Install only if you intend to grant a broad email-management assistant access to your Gmail, not just a reader. Review and limit Google OAuth scopes, avoid --auto and cron cleanup until tested, confirm every send/delete/bulk action, and be aware that email contents may be processed by Anthropic and written to local logs or report files.

SkillSpector

By NVIDIA
Vulnerability Patterns
  • Excessive AgencyUnrestricted Tool Access, Autonomous Decision Making, Scope Creep
  • MCP Least PrivilegeUnderdeclared Capability, Wildcard Permission, Missing Permission Declaration
  • MCP Tool PoisoningHidden Instructions, Unicode Deception, Parameter Description Injection
  • Prompt InjectionInstruction Override, Hidden Instructions, Exfiltration Commands
  • Data ExfiltrationExternal Transmission, Env Variable Harvesting, File System Enumeration
Findings (43)

Lp3

Medium
Category
MCP Least Privilege
Confidence
88% confidence
Finding
The skill declares no explicit permissions while instructing use of shell commands, environment variables, OAuth credentials, local token generation, and networked access to Gmail/IMAP. This creates a trust and review gap: operators may approve a seemingly read-only skill without realizing it can access sensitive mailbox data and write authentication artifacts locally.

Description-Behavior Mismatch

Medium
Confidence
95% confidence
Finding
The file materially exceeds the stated skill purpose of reading/searching email by performing bulk LLM-based content analysis and writing derived output files. This scope expansion is security-relevant because it changes the data flow from local email access to external content processing, increasing privacy and compliance risk without being clearly disclosed by the skill metadata.

Context-Inappropriate Capability

High
Confidence
99% confidence
Finding
The code sends sender, subject, truncated body content, and attachment filenames to Anthropic, which is an external third-party service unrelated to the narrow advertised function of reading/searching Gmail or IMAP. This creates a real confidentiality risk because potentially sensitive email content leaves the user's environment without clear necessity, minimization, or transparency.

Description-Behavior Mismatch

High
Confidence
98% confidence
Finding
The skill is described as read/search only, but the OAuth scopes include gmail.modify and gmail.compose, granting the ability to alter mailbox state and create/send drafts or messages. This violates least privilege and materially expands the blast radius if the skill, host, or token is abused.

Context-Inappropriate Capability

High
Confidence
97% confidence
Finding
Enabling modification and composition capabilities in an email-reading skill creates hidden authority beyond the stated purpose. In the context of an agent skill, this is especially dangerous because a downstream prompt injection, tool misuse, or token theft could turn read-only access into message tampering or outbound email actions.

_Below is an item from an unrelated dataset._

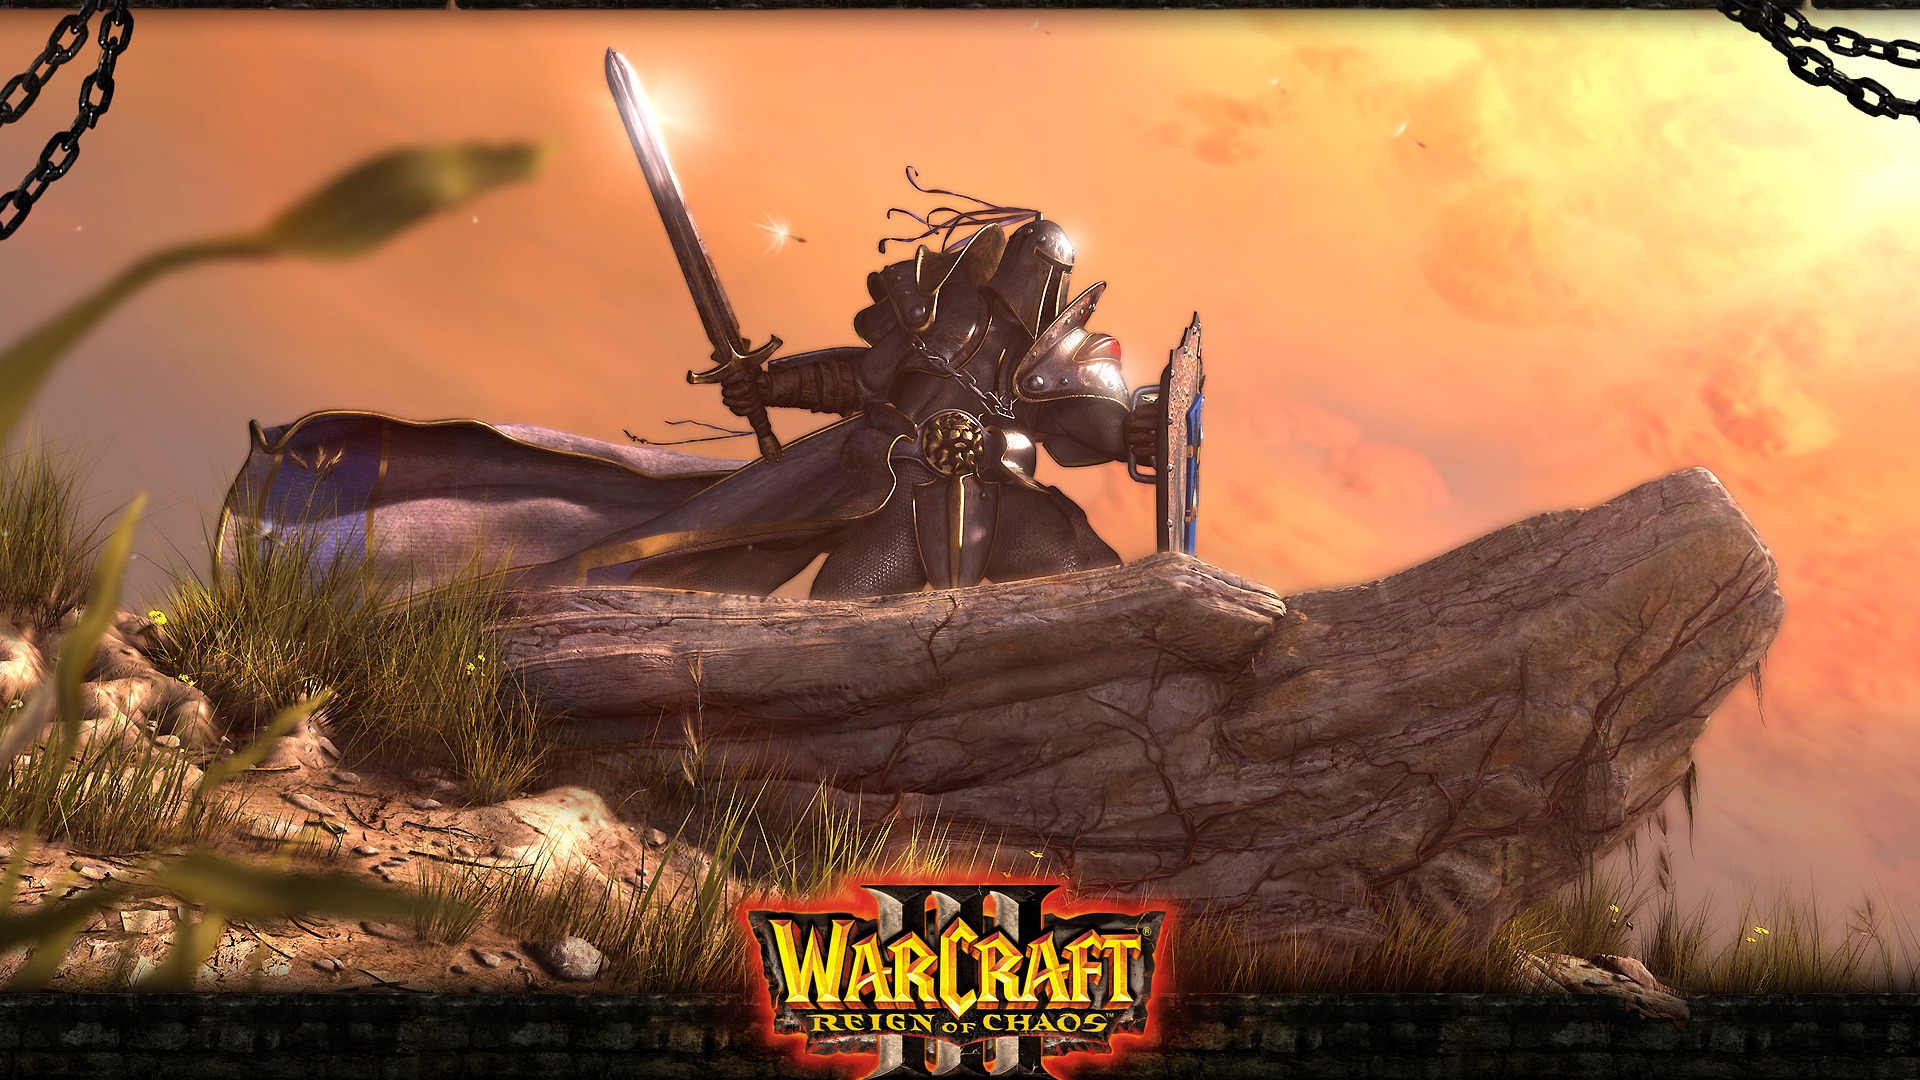 World of Warcraft 魔兽世界高清壁纸(二)13 - 1920x1080

Description-Behavior Mismatch

High
Confidence
97% confidence
Finding
This file implements Gmail label creation, renaming, and deletion, which are write operations inconsistent with the skill’s stated read/search-only purpose. In an agent context, hidden or undocumented mailbox modification capabilities increase the risk of unauthorized state changes, social engineering of the operator, or accidental destructive actions such as deleting labels tied to mail organization workflows.

Description-Behavior Mismatch

Medium
Confidence
88% confidence
Finding
The skill’s scope extends beyond passive email reporting into cross-service export and mailbox state recovery. Exporting email-derived data to Google Sheets/Docs increases data exfiltration and privacy risk, and combining reporting with action-oriented features makes it easier for a broad reporting request to trigger unintended side effects.

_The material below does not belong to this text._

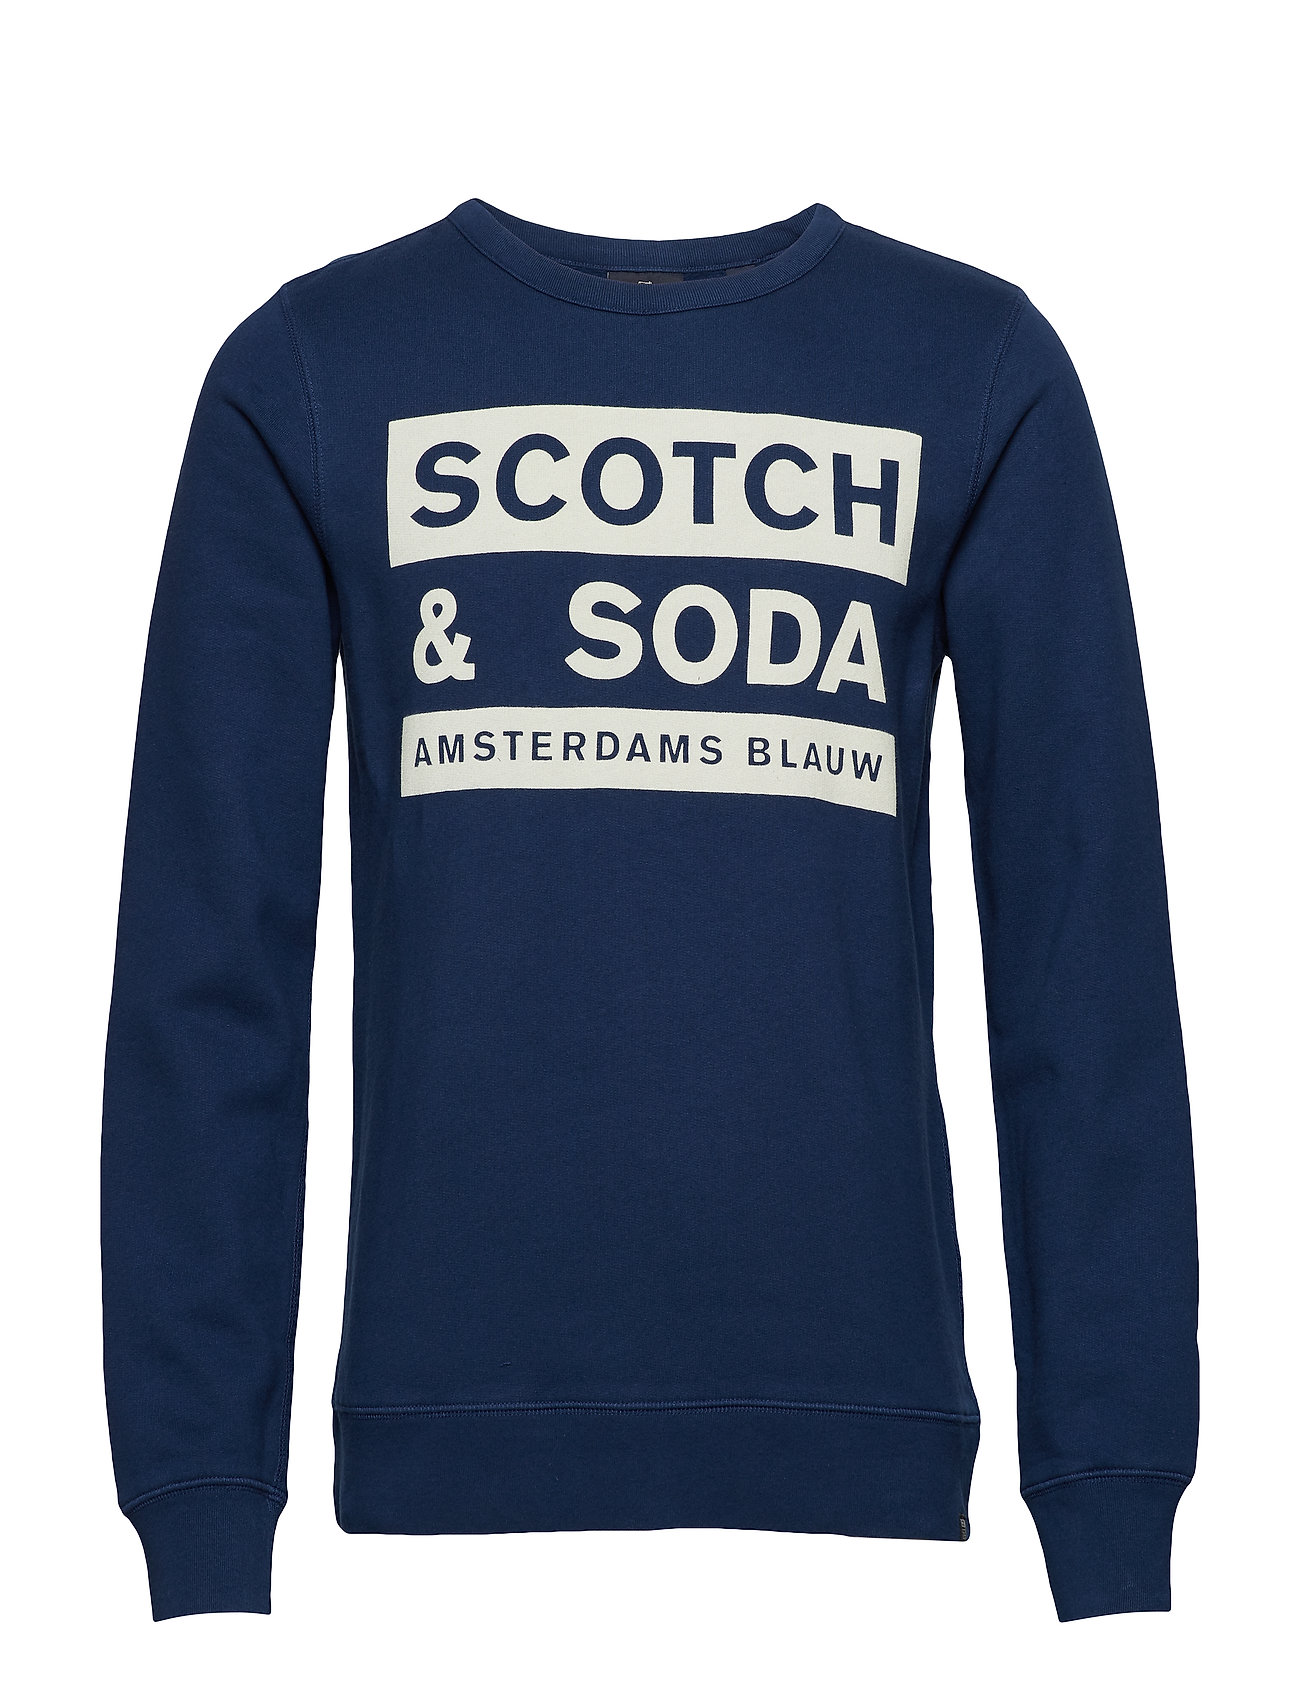 Scotch And Soda Ams Blauw Graphic Sweat (Teal Navy) (£47.40) - Scotch ...

Context-Inappropriate Capability

High
Confidence
96% confidence
Finding
The `gog gmail untrash <ID>` command modifies mailbox state, which is not necessary for a reporting/statistics skill. In a skill likely to be invoked for summaries or audits, including a write-capable recovery action creates risk of unauthorized or accidental restoration of messages, potentially interfering with user intent, retention state, or evidence handling.

Description-Behavior Mismatch

Medium
Confidence
94% confidence
Finding
The skill is described as a scheduler, but the documented behavior includes composing drafts and scheduling email sends. That expands the capability from passive scheduling/reminders into active outbound actions, which can cause unintended or unauthorized communication if invoked under overly broad routing or without explicit confirmation. In an email automation context, hidden send capability materially increases risk.

Description-Behavior Mismatch

Medium
Confidence
97% confidence
Finding
The documentation includes a direct trashing workflow for spam messages using gog+jq+xargs, but the manifest does not clearly disclose deletion behavior. Destructive operations on email are high-risk because mis-scoped searches, malformed filters, or broad invocation can irreversibly remove messages the user may still need.

Description-Behavior Mismatch

High
Confidence
99% confidence
Finding
The file explicitly implements destructive Gmail organization actions such as trash, archive, move, mark read/unread, and delete, which exceeds the stated skill scope of an 'email-reader' that should only read/search mail. In an agent setting, this scope mismatch is dangerous because a caller expecting read-only behavior could unintentionally cause irreversible mailbox changes or loss of emails.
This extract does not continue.